Records supplied below:

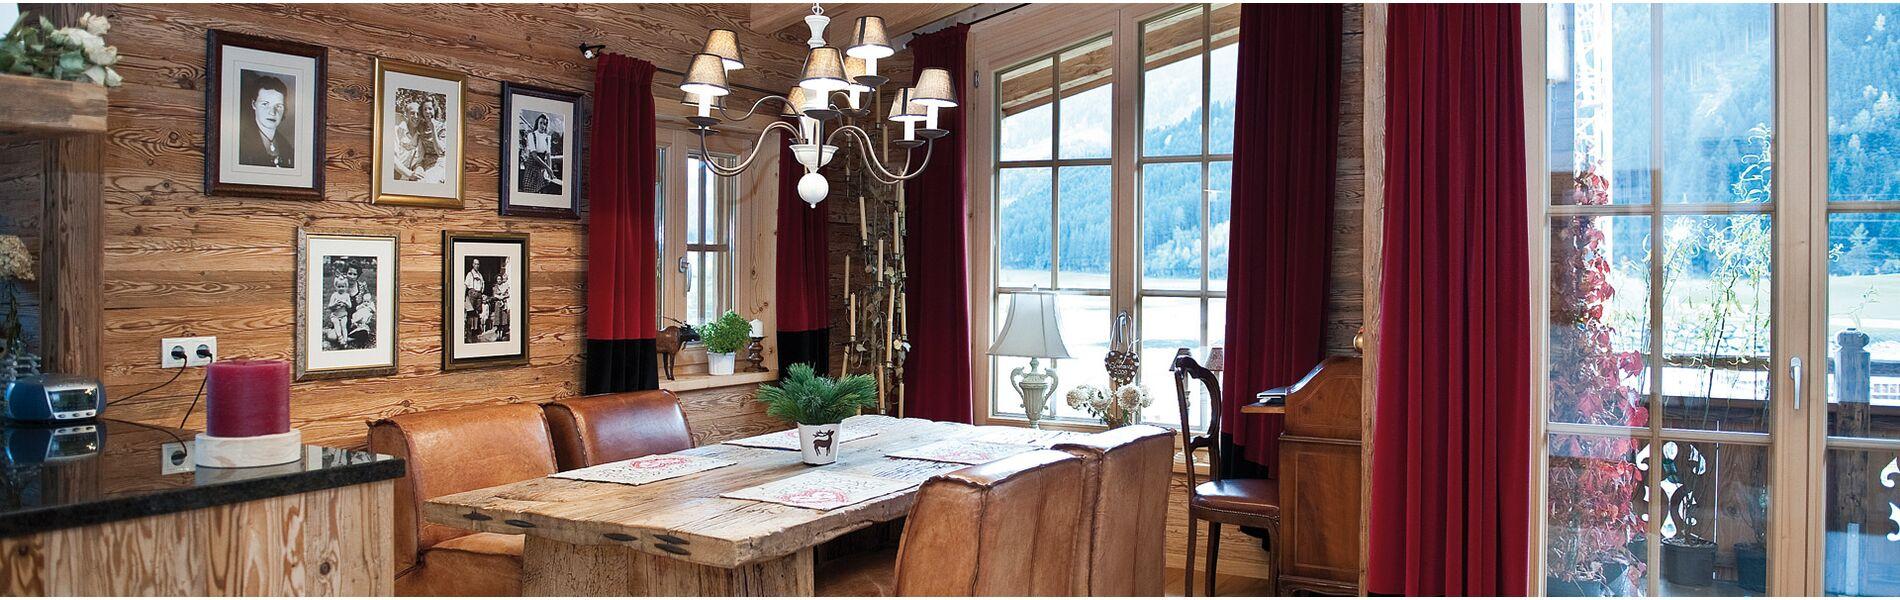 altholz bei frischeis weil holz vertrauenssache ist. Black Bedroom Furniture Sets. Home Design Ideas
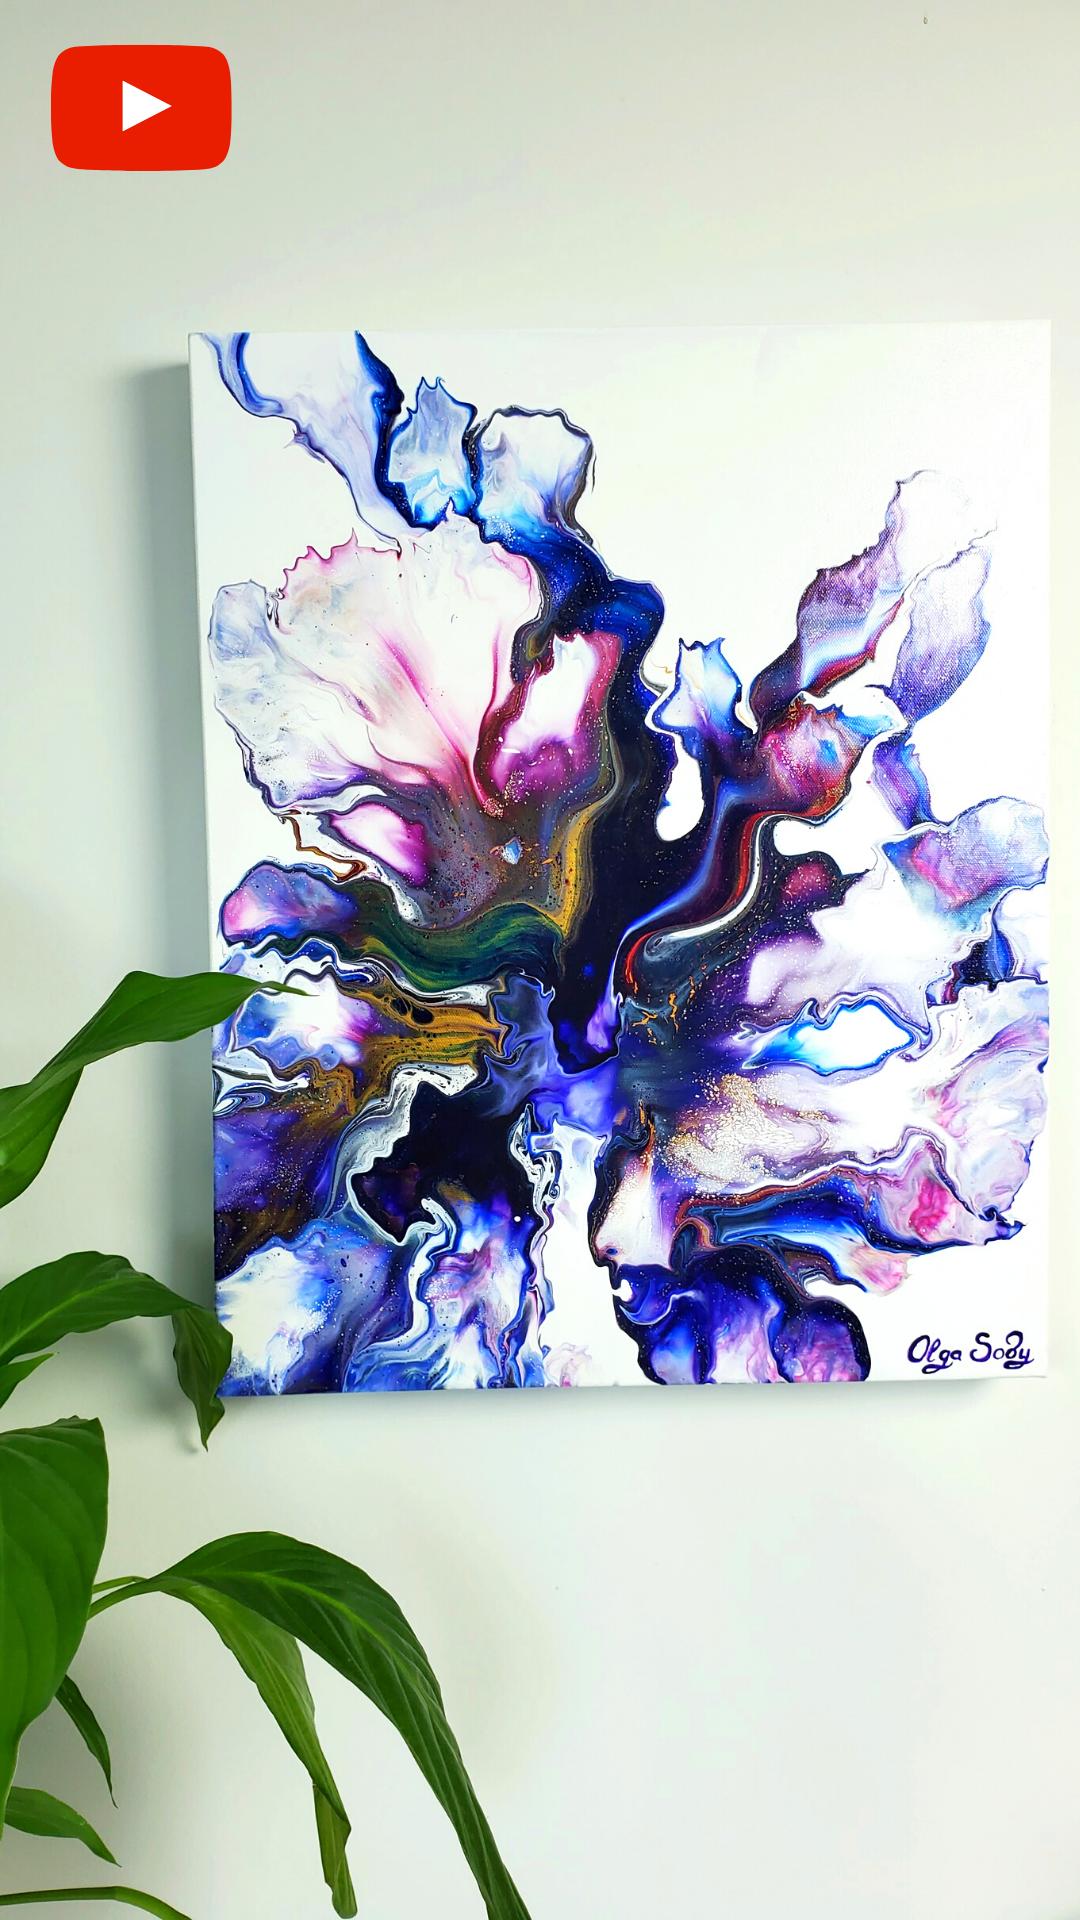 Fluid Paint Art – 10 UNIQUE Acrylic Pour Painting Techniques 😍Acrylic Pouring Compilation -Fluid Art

End of Records supplied.
Records supplied below:

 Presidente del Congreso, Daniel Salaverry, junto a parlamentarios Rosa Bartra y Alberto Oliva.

End of Records supplied.

Exercise objective
Please set down, exactly and with no pictures, the lines in the entries above starting at the one holding "altholz bei frischeis" and ending at the one holding "Fluid Paint Art", ends included.

Solution for this exercise
 altholz bei frischeis weil holz vertrauenssache ist. Black Bedroom Furniture Sets. Home Design Ideas
 Fluid Paint Art – 10 UNIQUE Acrylic Pour Painting Techniques 😍Acrylic Pouring Compilation -Fluid Art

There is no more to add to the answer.